The real problem is not the signedness of plain char, but the existence
of standard library functions which require a specific signedness to
work properly. The new functions templated by character type go a long
way toward eliminating that problem.
---
[ comp.std.c++ is moderated.  To submit articles, try just posting with ]
[ your news-reader.  If that fails, use mailto:std-c++@ncar.ucar.edu    ]
[              --- Please see the FAQ before posting. ---               ]
[ FAQ: http://reality.sgi.com/austern_mti/std-c++/faq.html              ]

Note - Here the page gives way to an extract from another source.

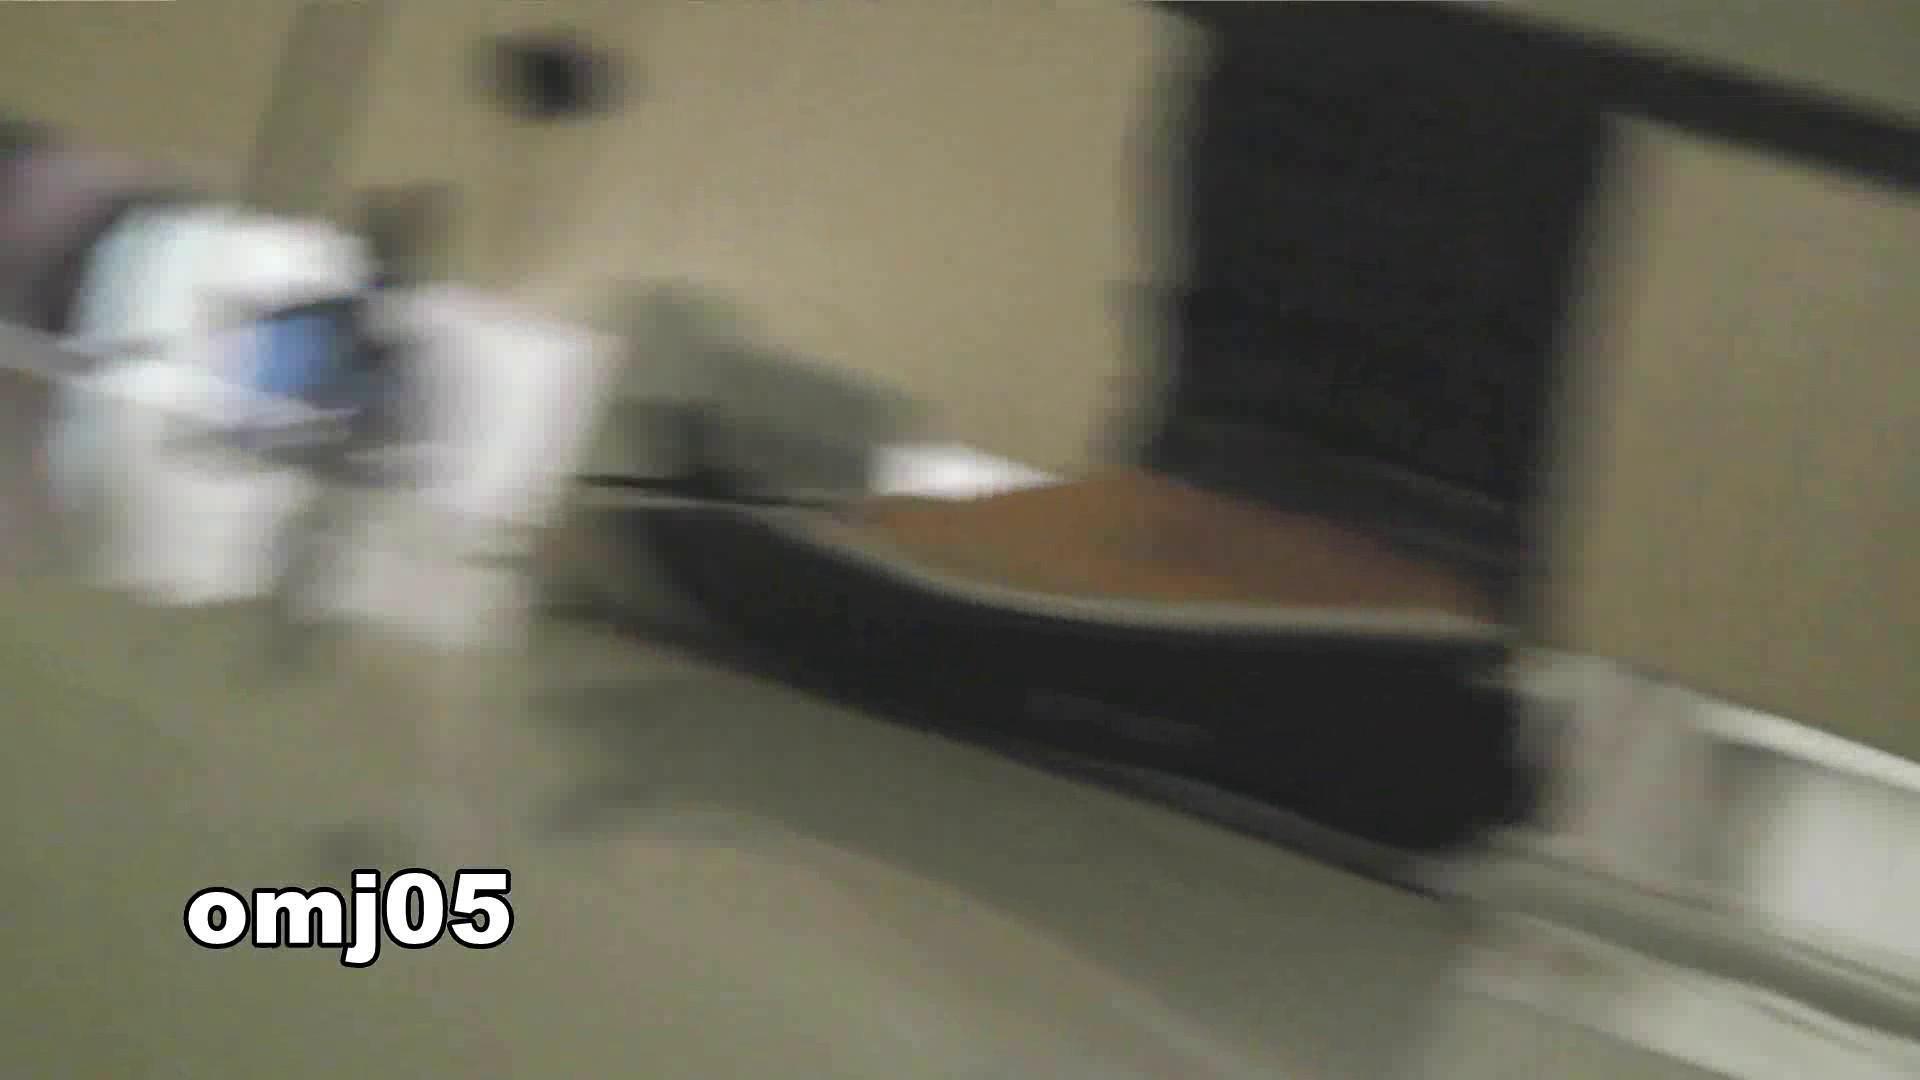 アダルトエロ動画|お市さんの「お尻丸出しジャンボリー」 No.5 ∑(゚Д゚)ヒェ~ッ!壁ドン!!|怪盗ジョーカー
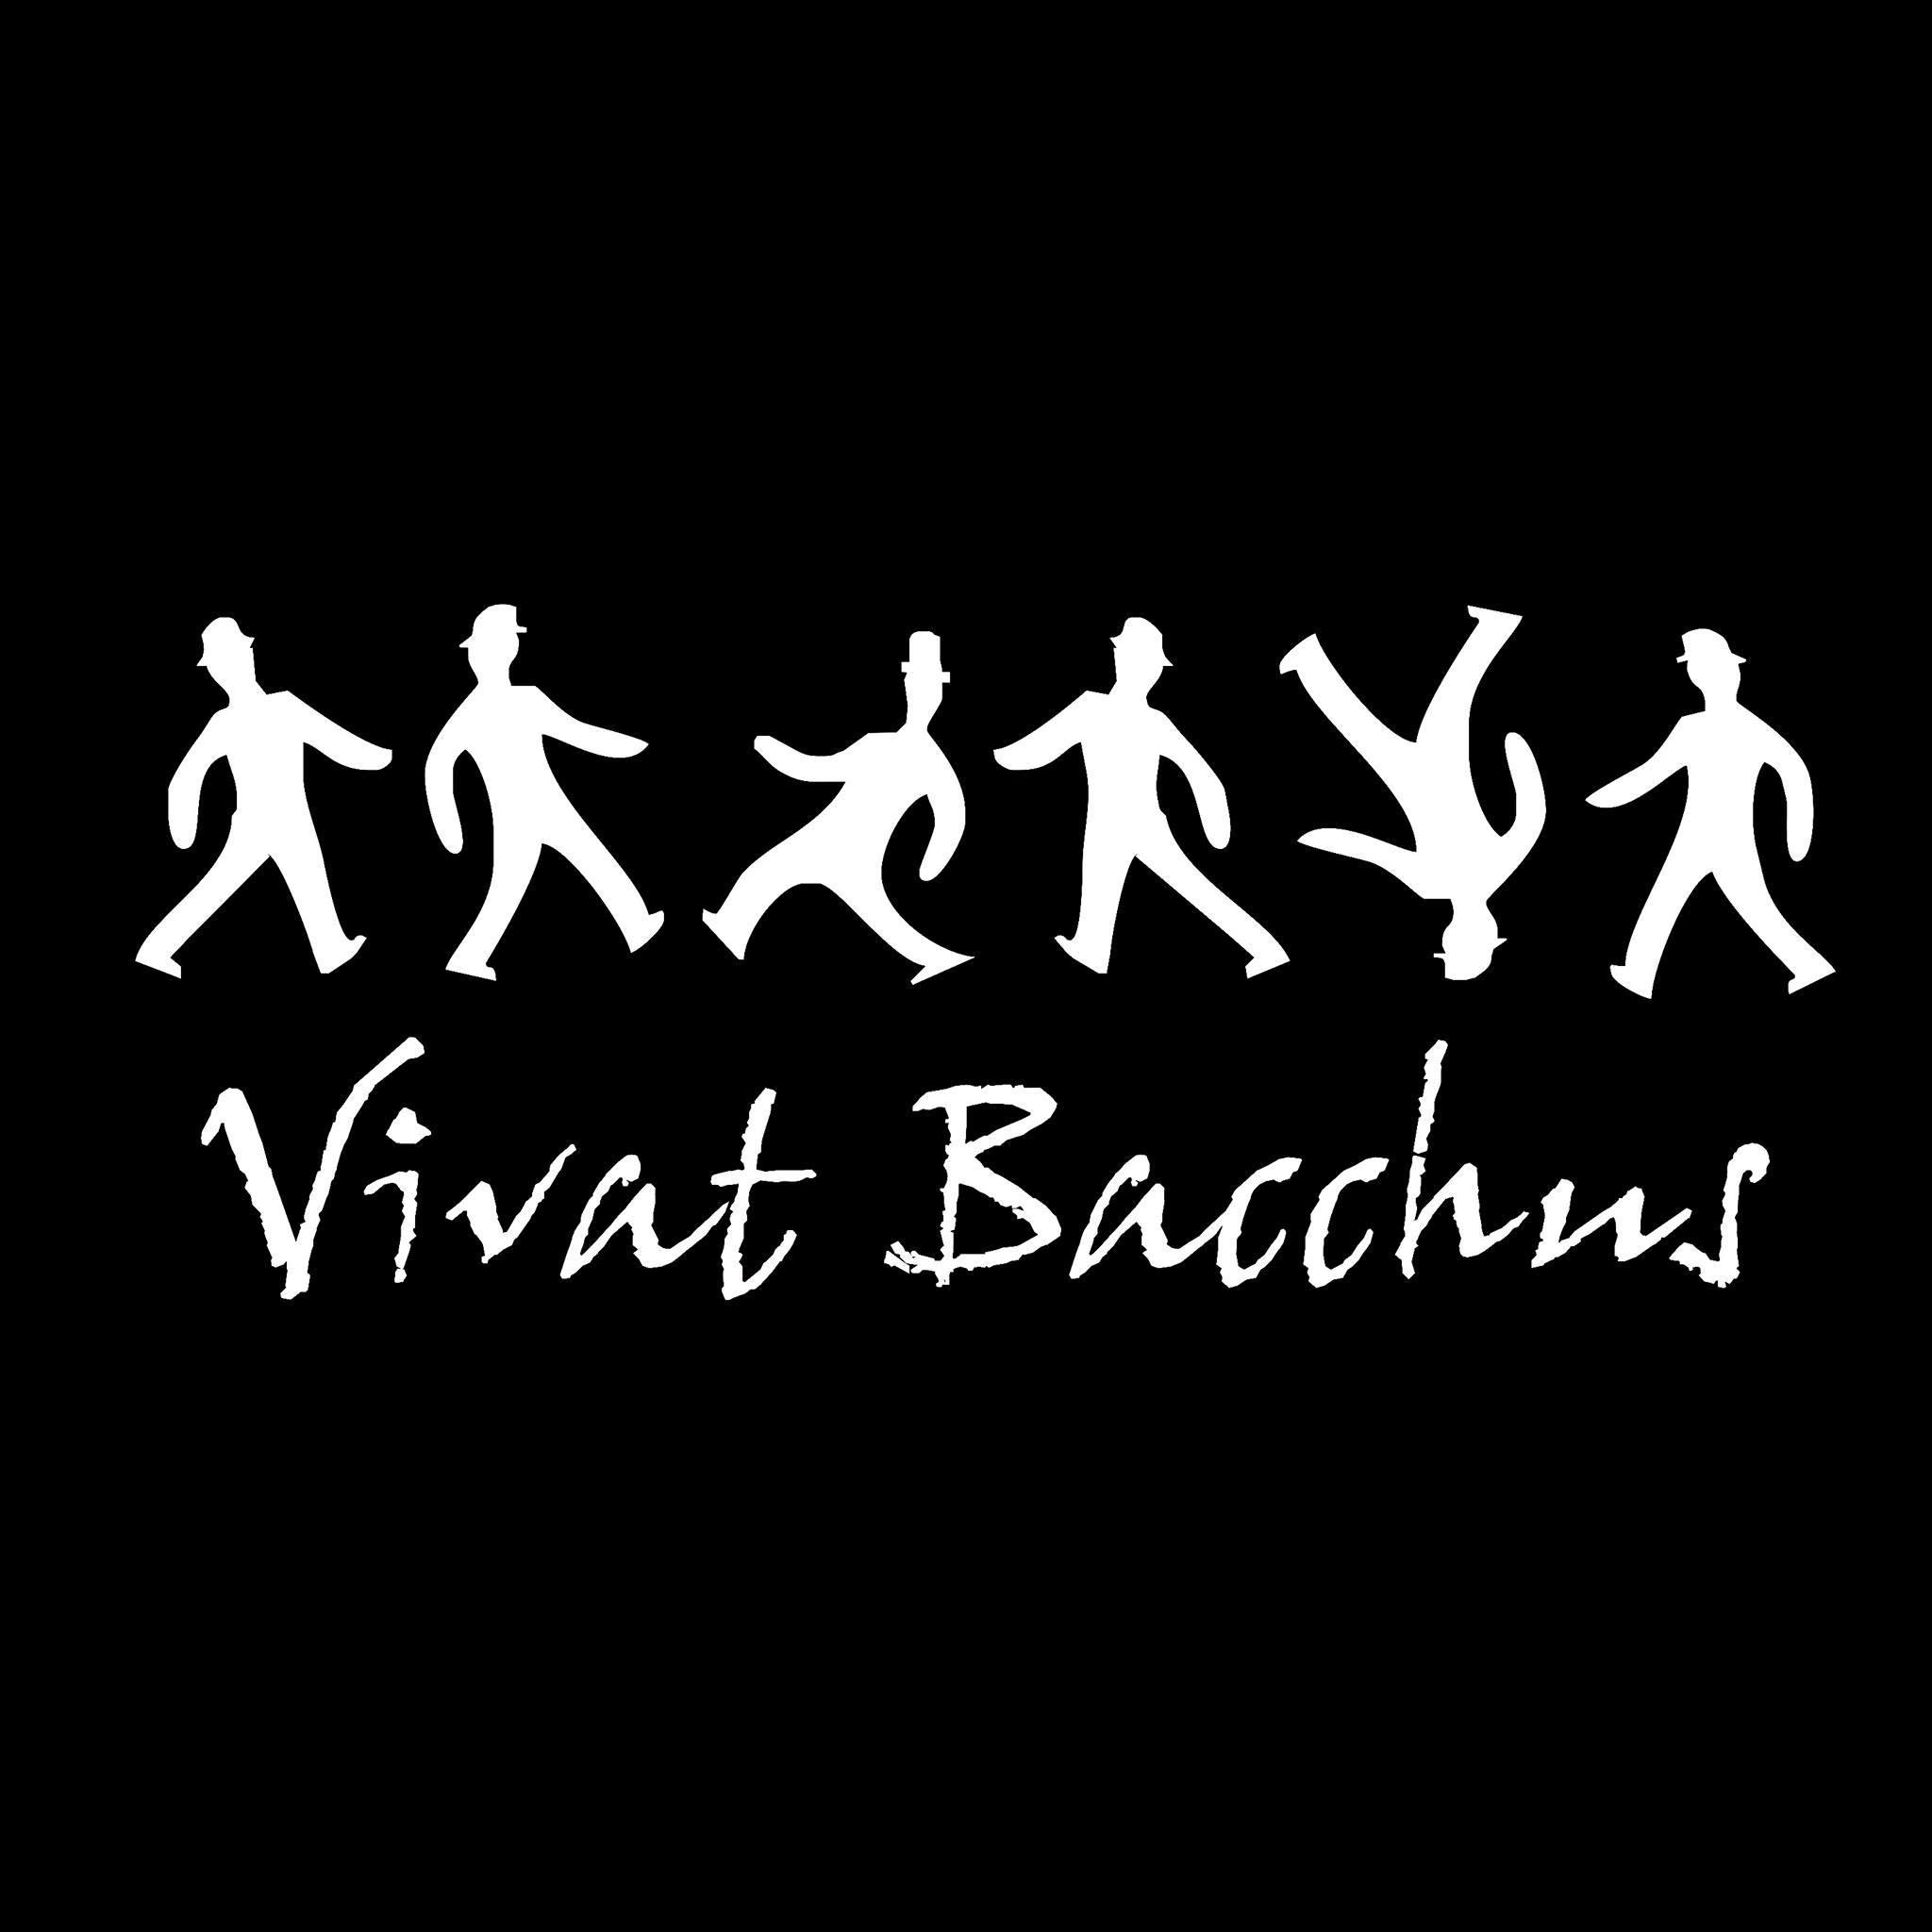 Vivat Bacchus

Author: James Kuyper <kuyper@wizard.net>
Date: 1998/03/07
Raw View
Jerry Coffin wrote:
>
> In article <888969589.372271@nn1>, lars.rosenberg@mbox302.swipnet.se
> says...
> > Does the standardisation for the string class tell if it shall convert
> > European characters from and to uppercase characters.
>
> If memory serves, the exact effect of a case conversion is locale
> dependent -- non-English characters aren't included in the default
> locale, so it's left up to the individual locales to implement the
> case conversion correctly.

The standard specifies very few details about the "C" locale, and
nothing at all about the default "" locale. In particular, it says
nothing to prohibit non-English characters. The LC_CTYPE "C" locale must
have the basic character set, but is not prohibited from containing
other characters as well.
---
[ comp.std.c++ is moderated.  To submit articles, try just posting with ]
[ your news-reader.  If that fails, use mailto:std-c++@ncar.ucar.edu    ]
[              --- Please see the FAQ before posting. ---               ]
[ FAQ: http://reality.sgi.com/austern_mti/std-c++/faq.html              ]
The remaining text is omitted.